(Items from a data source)
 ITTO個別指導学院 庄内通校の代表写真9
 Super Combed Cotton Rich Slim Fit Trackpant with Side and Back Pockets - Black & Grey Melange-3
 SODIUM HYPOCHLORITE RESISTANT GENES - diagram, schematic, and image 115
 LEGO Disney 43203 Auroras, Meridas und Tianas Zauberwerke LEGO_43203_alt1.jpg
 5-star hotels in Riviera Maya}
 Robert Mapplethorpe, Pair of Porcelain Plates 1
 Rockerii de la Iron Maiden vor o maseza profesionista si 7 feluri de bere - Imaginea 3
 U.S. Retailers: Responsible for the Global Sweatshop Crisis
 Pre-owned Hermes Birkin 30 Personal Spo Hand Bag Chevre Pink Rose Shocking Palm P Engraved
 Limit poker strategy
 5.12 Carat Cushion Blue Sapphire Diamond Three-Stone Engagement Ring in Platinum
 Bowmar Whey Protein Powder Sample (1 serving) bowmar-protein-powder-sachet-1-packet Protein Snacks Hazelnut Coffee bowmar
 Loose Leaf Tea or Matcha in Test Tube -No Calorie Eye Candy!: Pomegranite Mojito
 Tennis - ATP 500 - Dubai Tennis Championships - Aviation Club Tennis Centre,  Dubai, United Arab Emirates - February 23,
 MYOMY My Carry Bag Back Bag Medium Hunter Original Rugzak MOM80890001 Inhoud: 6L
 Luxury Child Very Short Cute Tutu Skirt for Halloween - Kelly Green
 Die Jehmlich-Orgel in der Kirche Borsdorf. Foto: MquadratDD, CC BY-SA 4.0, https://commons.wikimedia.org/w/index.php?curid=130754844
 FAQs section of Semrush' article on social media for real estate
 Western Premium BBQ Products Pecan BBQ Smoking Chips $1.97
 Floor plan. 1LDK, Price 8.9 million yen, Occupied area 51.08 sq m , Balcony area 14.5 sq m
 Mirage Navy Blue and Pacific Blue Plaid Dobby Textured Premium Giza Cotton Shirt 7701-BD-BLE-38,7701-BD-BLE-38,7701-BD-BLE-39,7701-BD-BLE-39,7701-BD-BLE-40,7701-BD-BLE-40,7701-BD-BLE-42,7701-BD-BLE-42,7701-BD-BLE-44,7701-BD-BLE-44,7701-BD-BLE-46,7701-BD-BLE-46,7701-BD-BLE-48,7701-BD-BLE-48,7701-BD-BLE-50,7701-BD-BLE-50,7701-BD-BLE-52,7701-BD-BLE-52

* _Task requirements_
Please reproduce the lines from the line with "SODIUM HYPOCHLORITE RESISTANT" to the line with "U.S. Retailers: Responsible", both ends included, exactly as they appear above.

* _Output of the exercise_
 SODIUM HYPOCHLORITE RESISTANT GENES - diagram, schematic, and image 115
 LEGO Disney 43203 Auroras, Meridas und Tianas Zauberwerke LEGO_43203_alt1.jpg
 5-star hotels in Riviera Maya}
 Robert Mapplethorpe, Pair of Porcelain Plates 1
 Rockerii de la Iron Maiden vor o maseza profesionista si 7 feluri de bere - Imaginea 3
 U.S. Retailers: Responsible for the Global Sweatshop Crisis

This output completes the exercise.